Items from a dataset

:::::

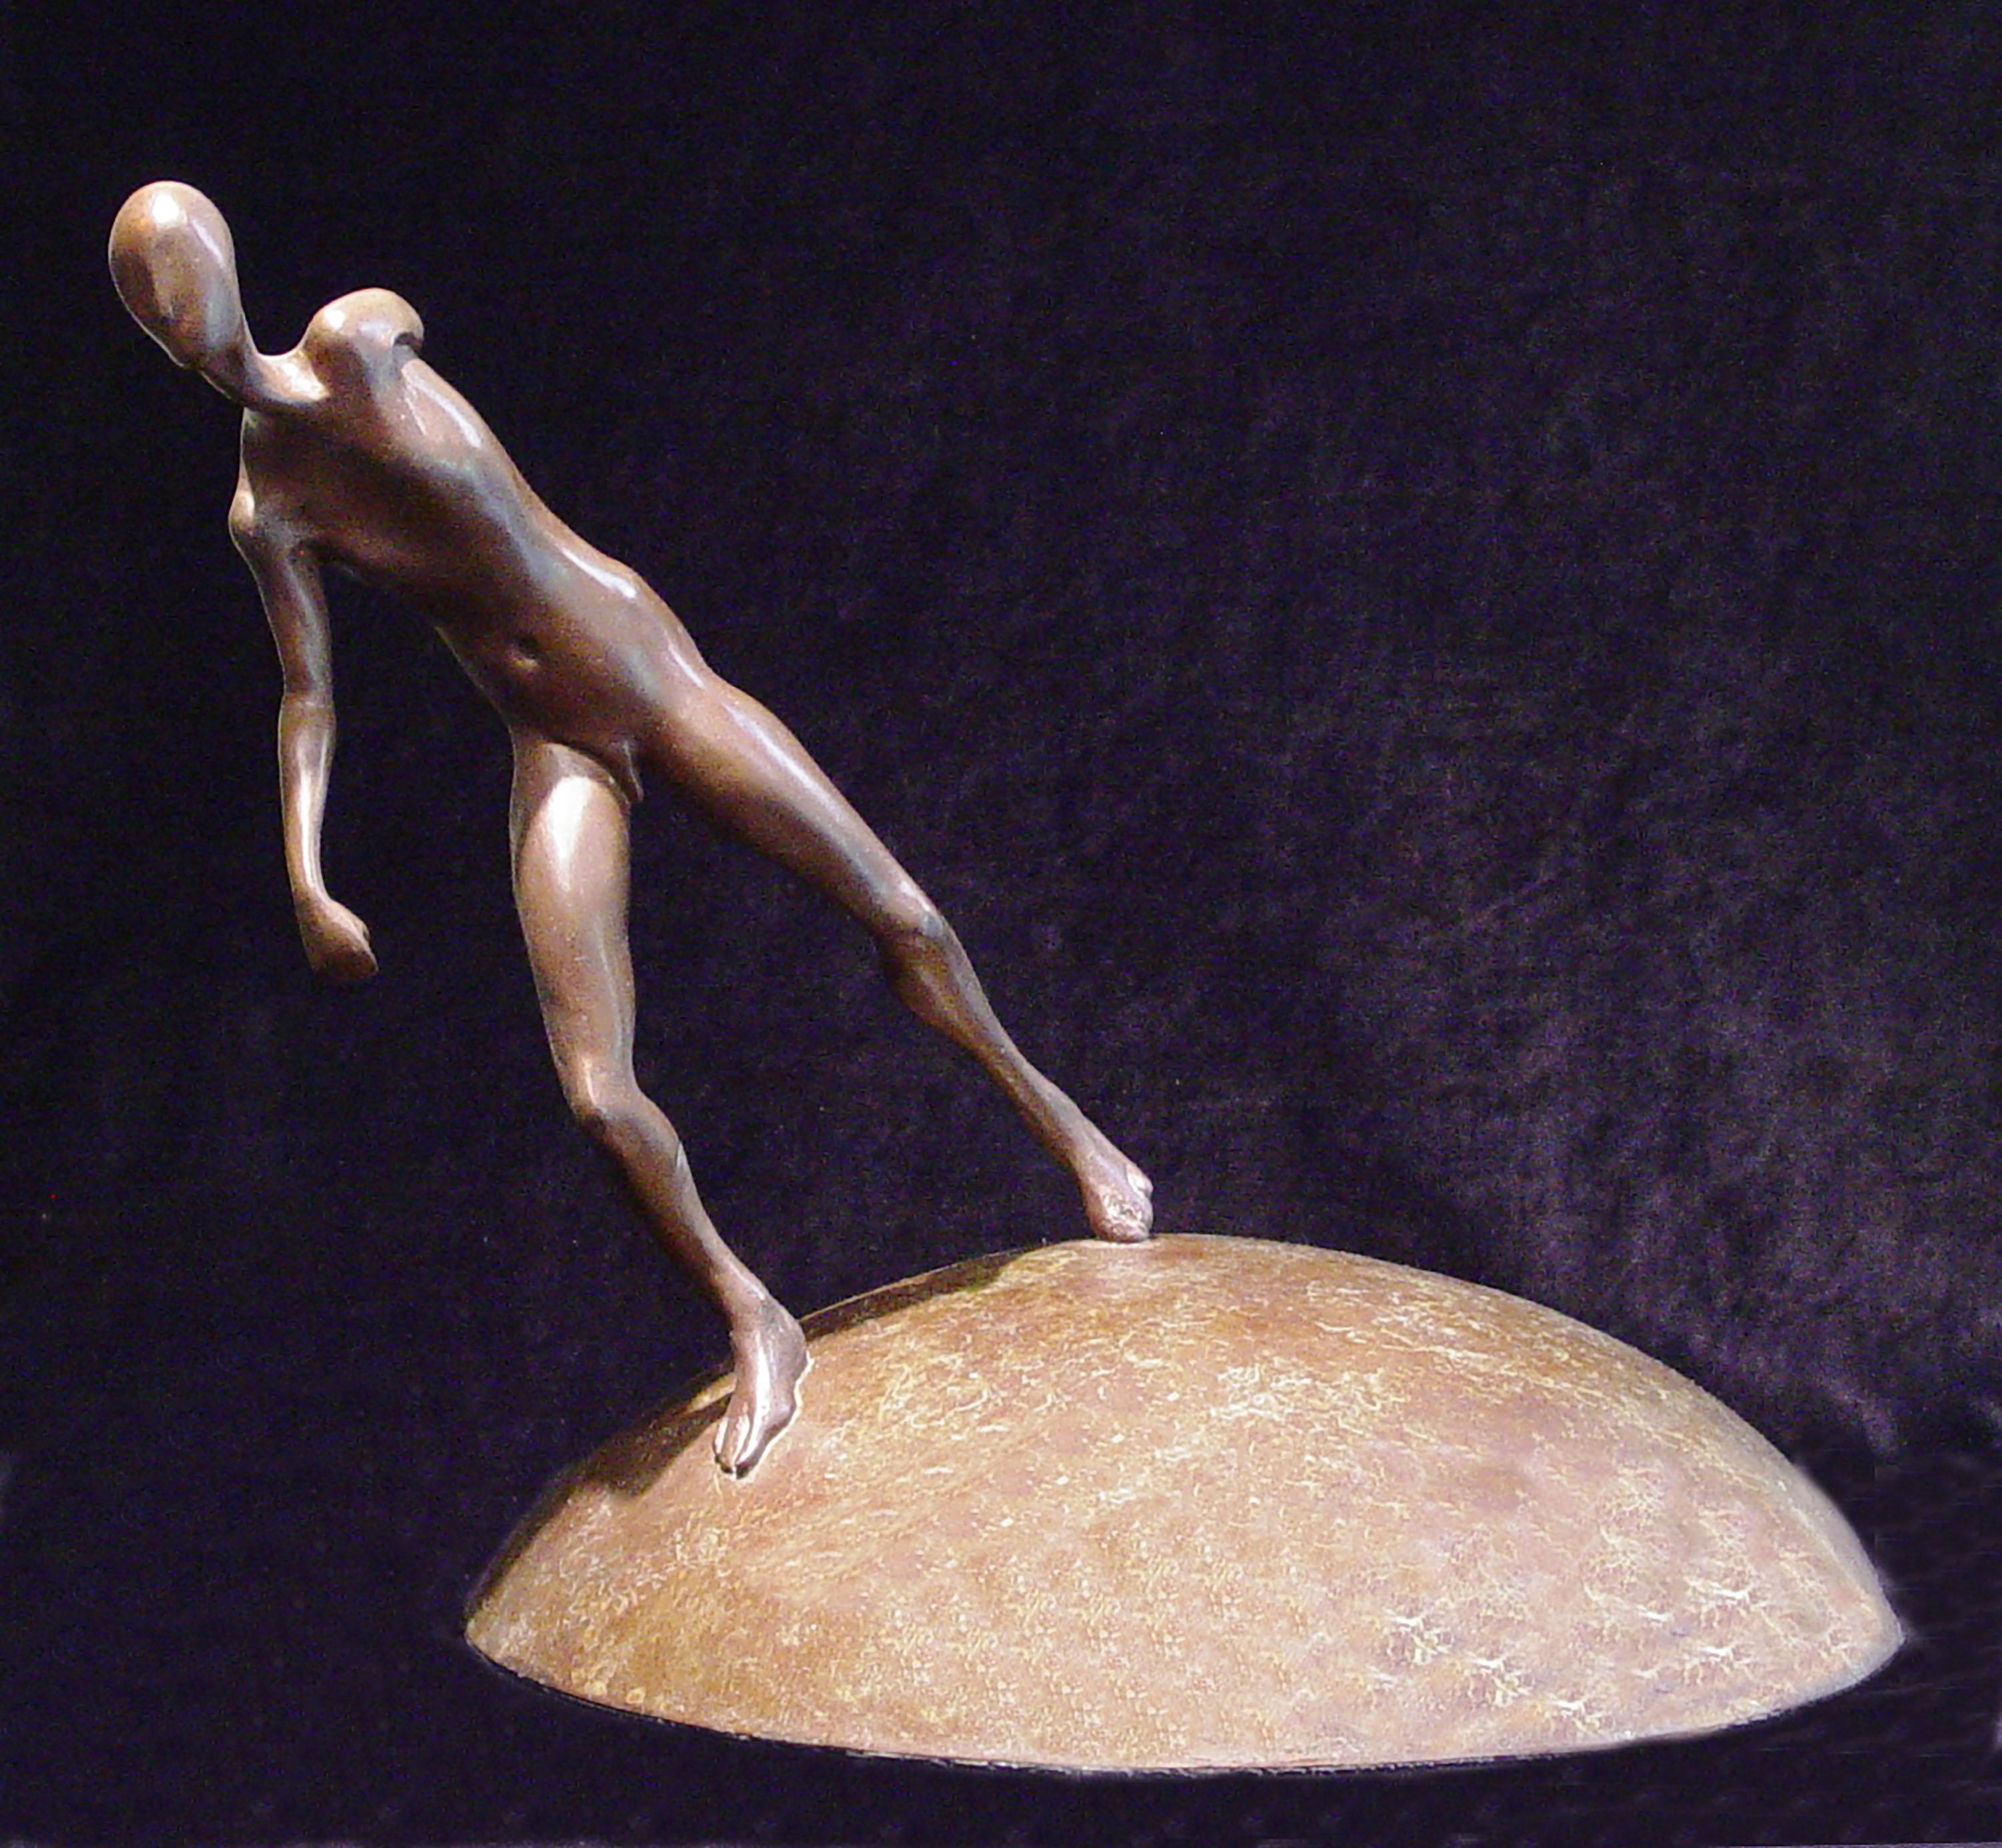 This beautiful bronze sculpture depicts a figure walking on top of a an orb, also in bronze.  The figure, with slightly abstracted features, is walking at a deep angle over the base of the piece. The position of the arms communicate the effort
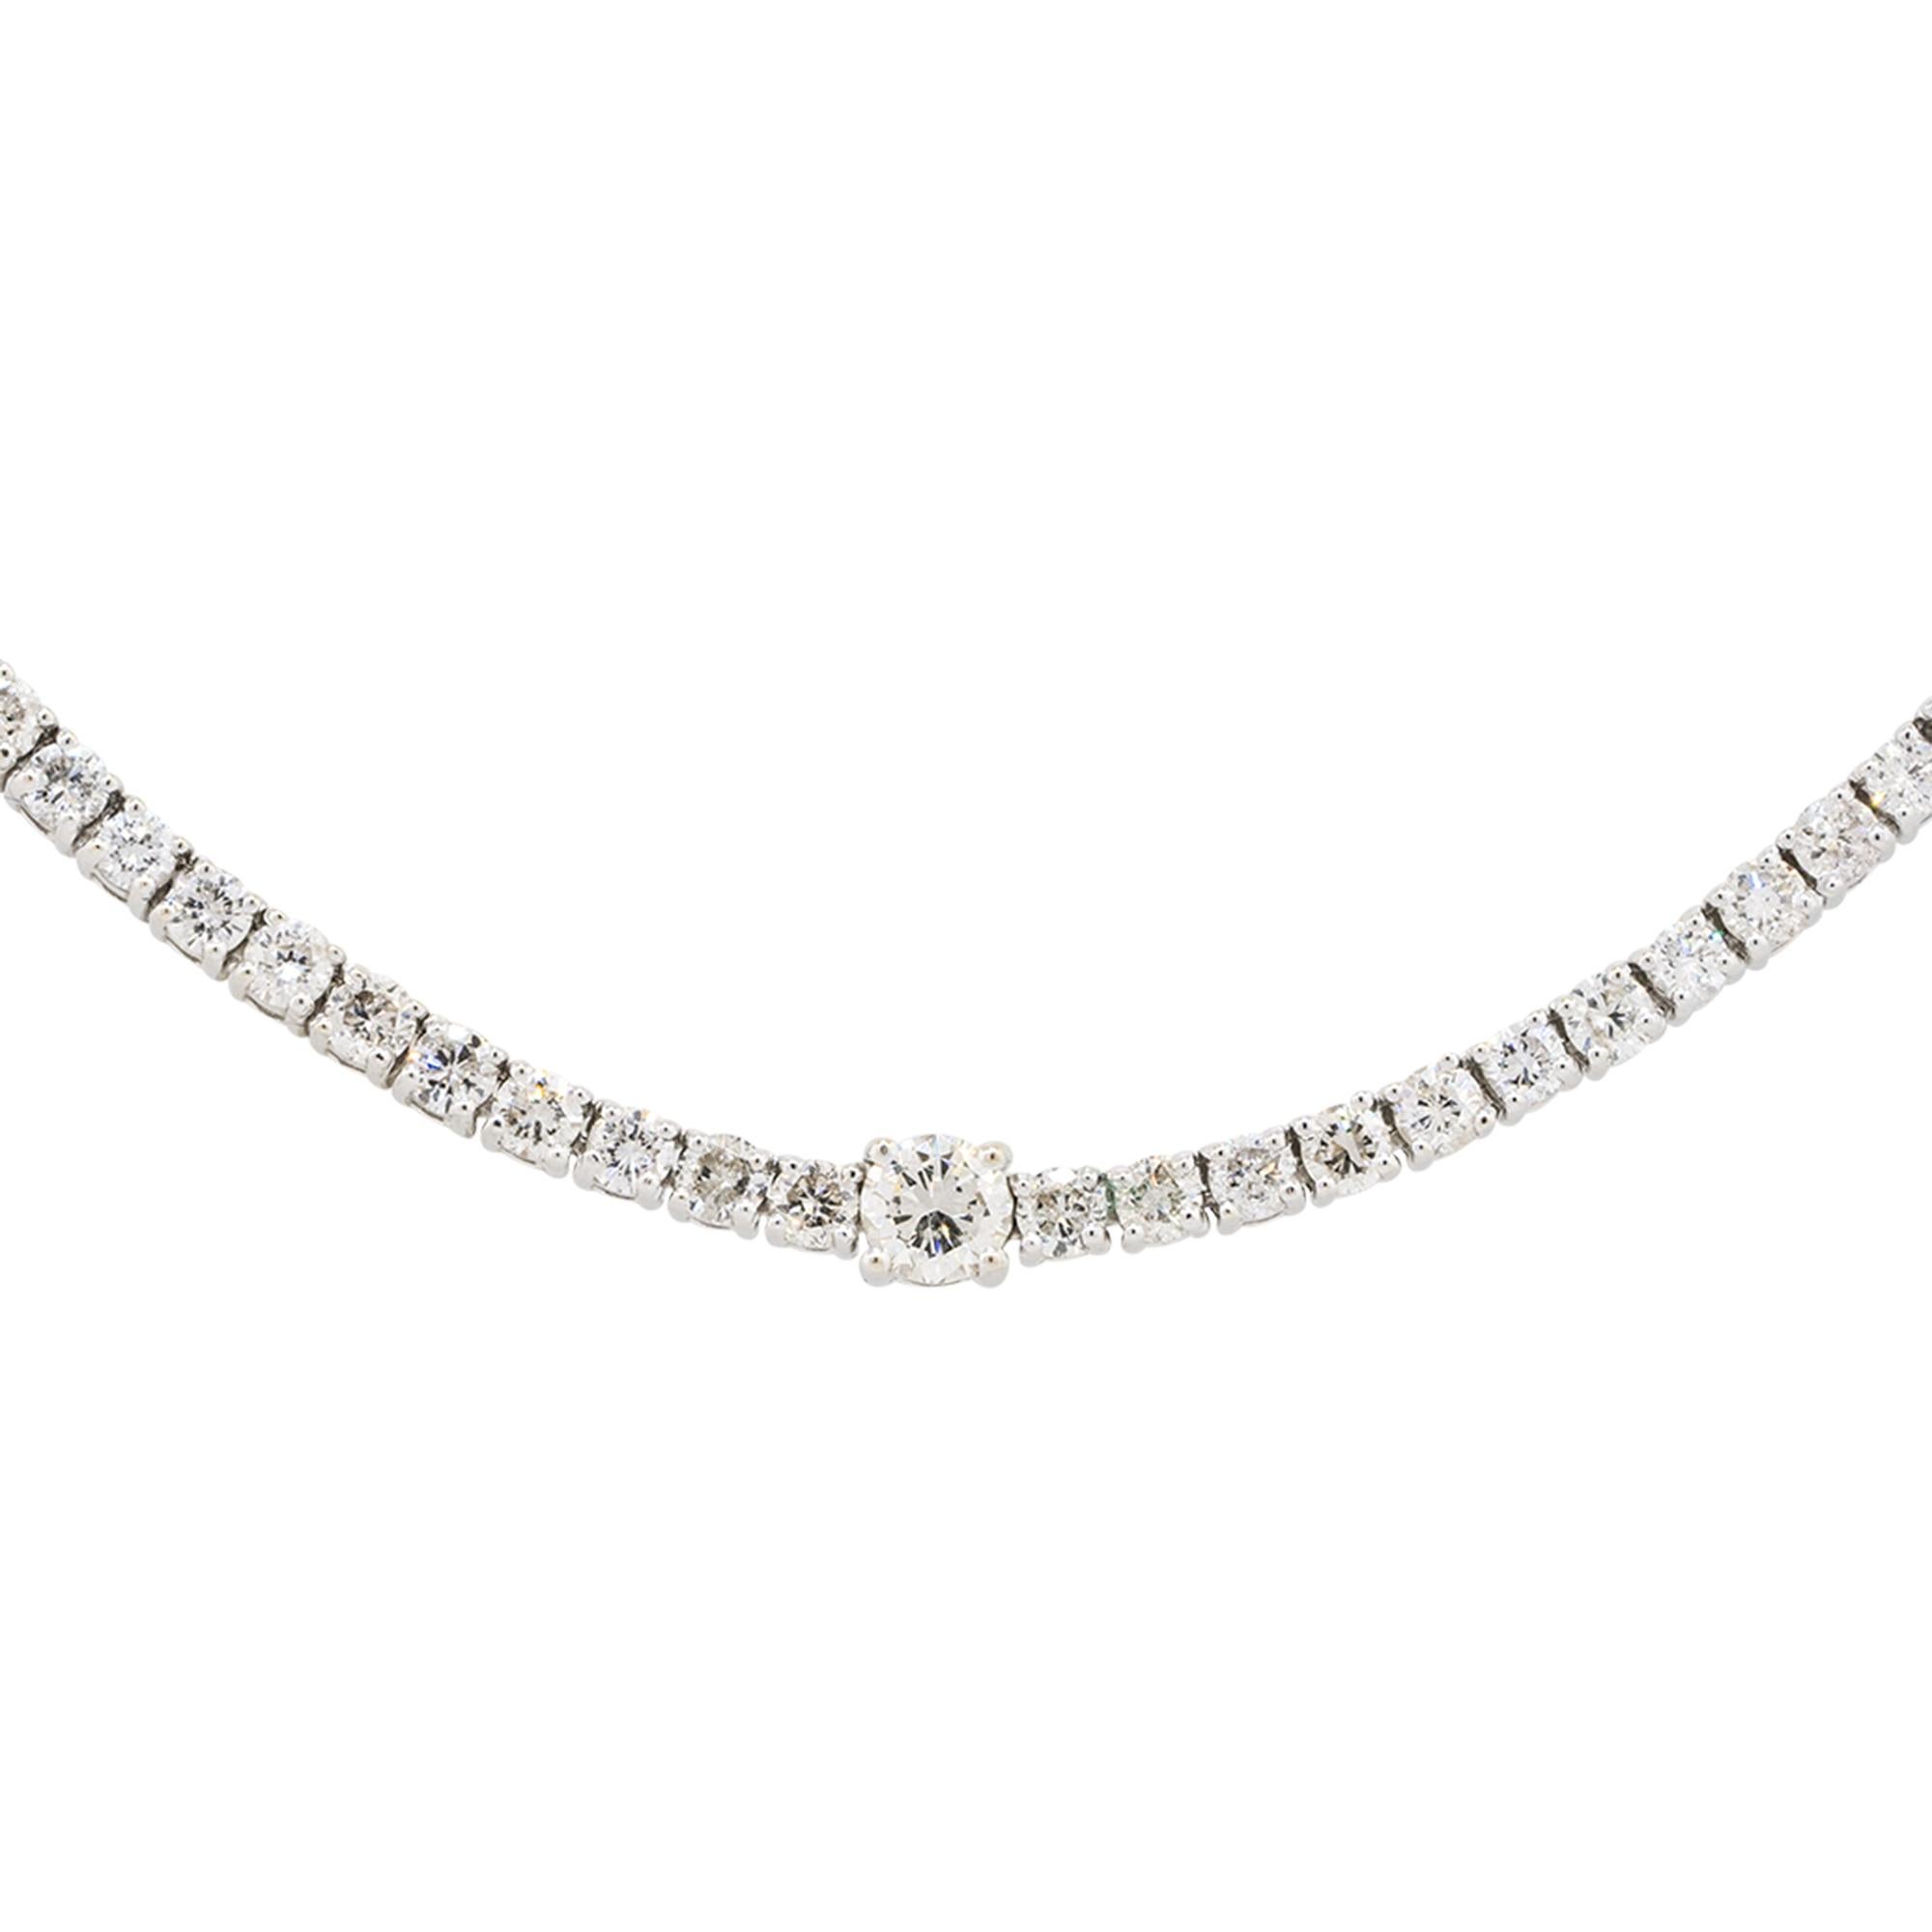 Material: 14k white gold
Diamond Details: Approx. 7.50ctw of round cut Diamonds. Diamonds are G/H in color and VS in clarity
Clasps: Tongue in box
Total Weight: 14.7g (9.4dwt)
Length: 18

:::::

Retype the data exactly; images stay out.

Solution to this exercise —
 This beautiful bronze sculpture depicts a figure walking on top of a an orb, also in bronze.  The figure, with slightly abstracted features, is walking at a deep angle over the base of the piece. The position of the arms communicate the effort
 Material: 14k white gold
Diamond Details: Approx. 7.50ctw of round cut Diamonds. Diamonds are G/H in color and VS in clarity
Clasps: Tongue in box
Total Weight: 14.7g (9.4dwt)
Length: 18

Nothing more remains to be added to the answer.